Data Handling#

Module for various data handling helper functions.

This package provides helpers for:

  • Adding a unique identifier column to results dataframes to track samples across datasets and enable reliable merging.

  • Computing improvement metrics and running the evaluation pipeline with optional outlier handling.

  • Producing performance summaries tailored to PEP estimation tasks for evaluation and reporting.

  • Assessing and quantifying the relationship between reference PEP measurements and heart rate signals.

  • Generating descriptive statistics and diagnostic summaries for PEP values across datasets or cohorts.

  • Loading and filtering input data specific to a chosen algorithm or experimental setup.

  • Computing error metrics grouped by experimental factors and aggregating those error statistics for analysis.

  • Extracting PEP annotations or reference signals from dataset records for downstream processing.

  • Retrieving canonical reference datasets or records used for benchmarking and validation.

  • Merging metric outputs and reconciling per-sample results produced by multiple annotators into a unified view.

  • Converting series of RR intervals into instantaneous heart rate values.

  • Exposing miscellaneous low-level utility helpers used across the data handling code.

Core helpers#

add_unique_id_to_results_dataframe(data[, ...])

Add a unique ID to the results dataframe.

compute_improvement_outlier_correction(data, ...)

Compute the percentage of samples which improved, deteriorated, or remained unchanged after outlier correction.

compute_improvement_pipeline(data, pipelines)

Compute the percentage of samples which showed sign changes in the error metric between two pipelines.

compute_pep_performance_metrics(...[, ...])

Compute the performance metrics for the PEP values.

correlation_reference_pep_heart_rate(data[, ...])

Compute the correlation between the reference PEP values and the heart rate.

describe_pep_values(data[, group_cols, metrics])

Compute the descriptive statistics for the PEP values using the pandas.DataFrame.describe method.

get_data_for_algo(results_per_sample, algo_combi)

Extract the data for a specific algorithm combination from the results-per-sample dataframe.

get_error_by_group(results_per_sample[, ...])

Compute mean and standard deviation of the error metric by group.

get_pep_for_algo(results_per_sample, algo_combi)

Extract the PEP values for a specific algorithm combination from the results-per-sample dataframe.

get_reference_data(results_per_sample)

Extract the reference data from the results-per-sample dataframe.

get_reference_pep(results_per_sample)

Extract the reference PEP values from the results-per-sample dataframe.

merge_result_metrics_from_multiple_annotators(results)

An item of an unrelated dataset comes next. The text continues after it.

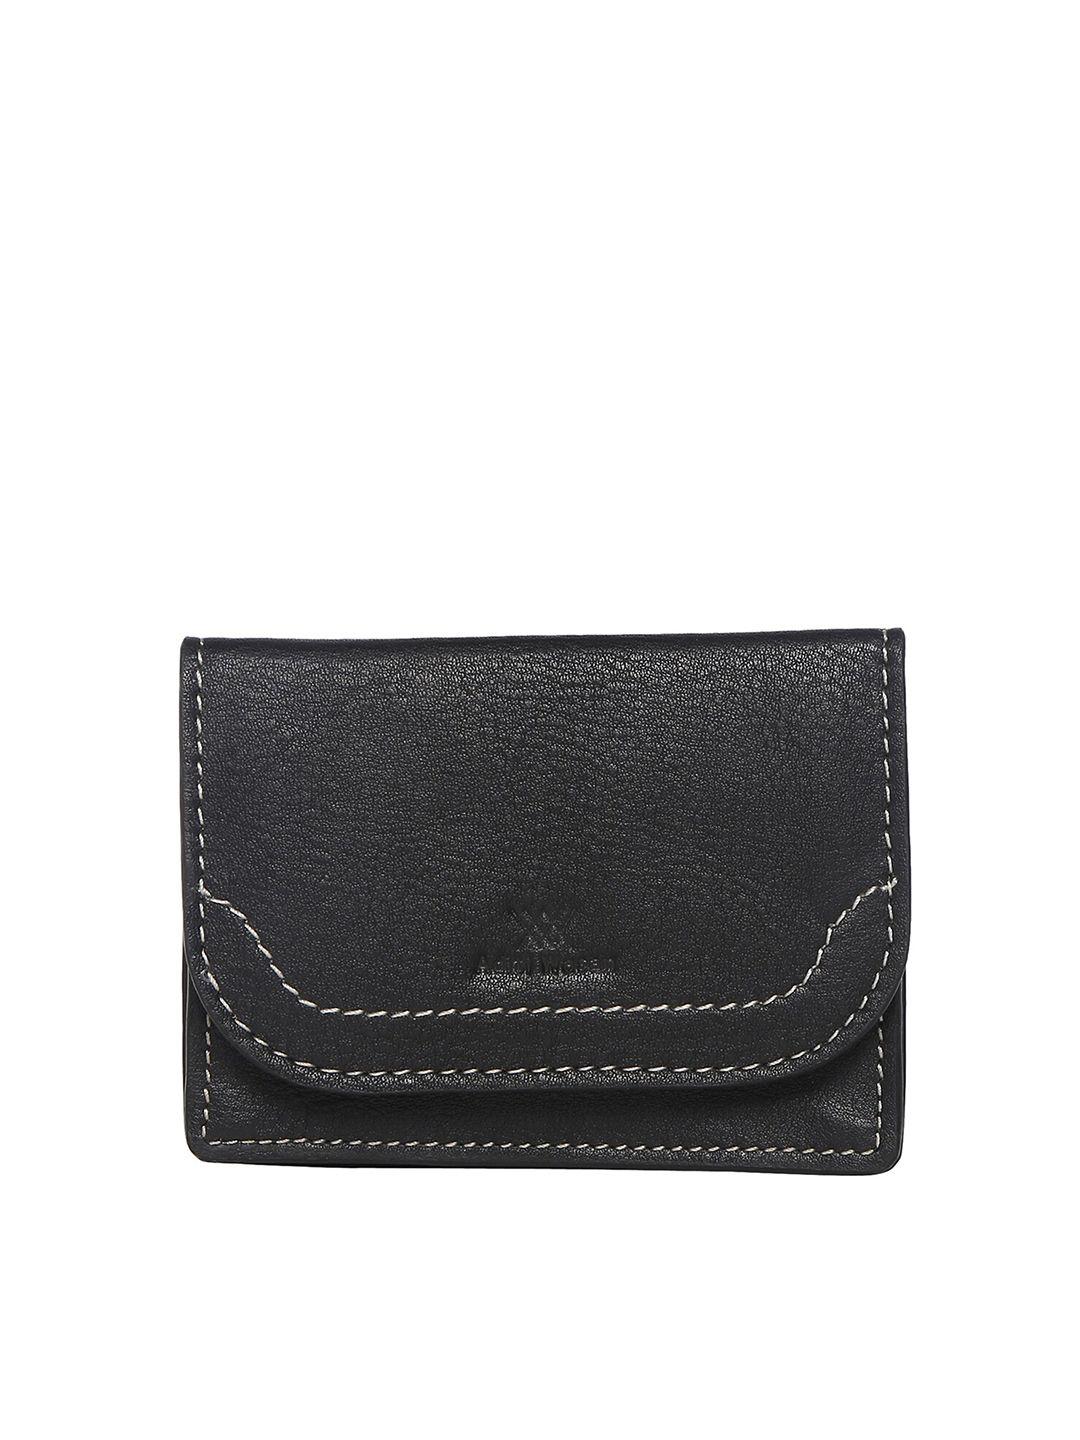 aditi wasan unisex black textured genuine leather card holder

Merge result metrics from multiple annotators into a single dataframe.

merge_results_per_sample_from_different_annotators(results)

Merge results-per-sample dataframes from different annotators into a single dataframe.

rr_interval_to_heart_rate(data)

Convert RR intervals in milliseconds to heart rate in beats per minute.

Utilities#

Utility functions for data handling.

This module provides utility functions for handling data from the EmpkinsDataset and GuardianDataset. The functions include reindexing and renaming of the data according to specific mappings for conditions and phases. The reindexing can be performed either before or after the data has been renamed, depending on the user’s needs.

reindex_empkins(data[, after_rename])

Reindex data from the EmpkinsDataset.

rename_empkins(data)

Rename the data from the EmpkinsDataset.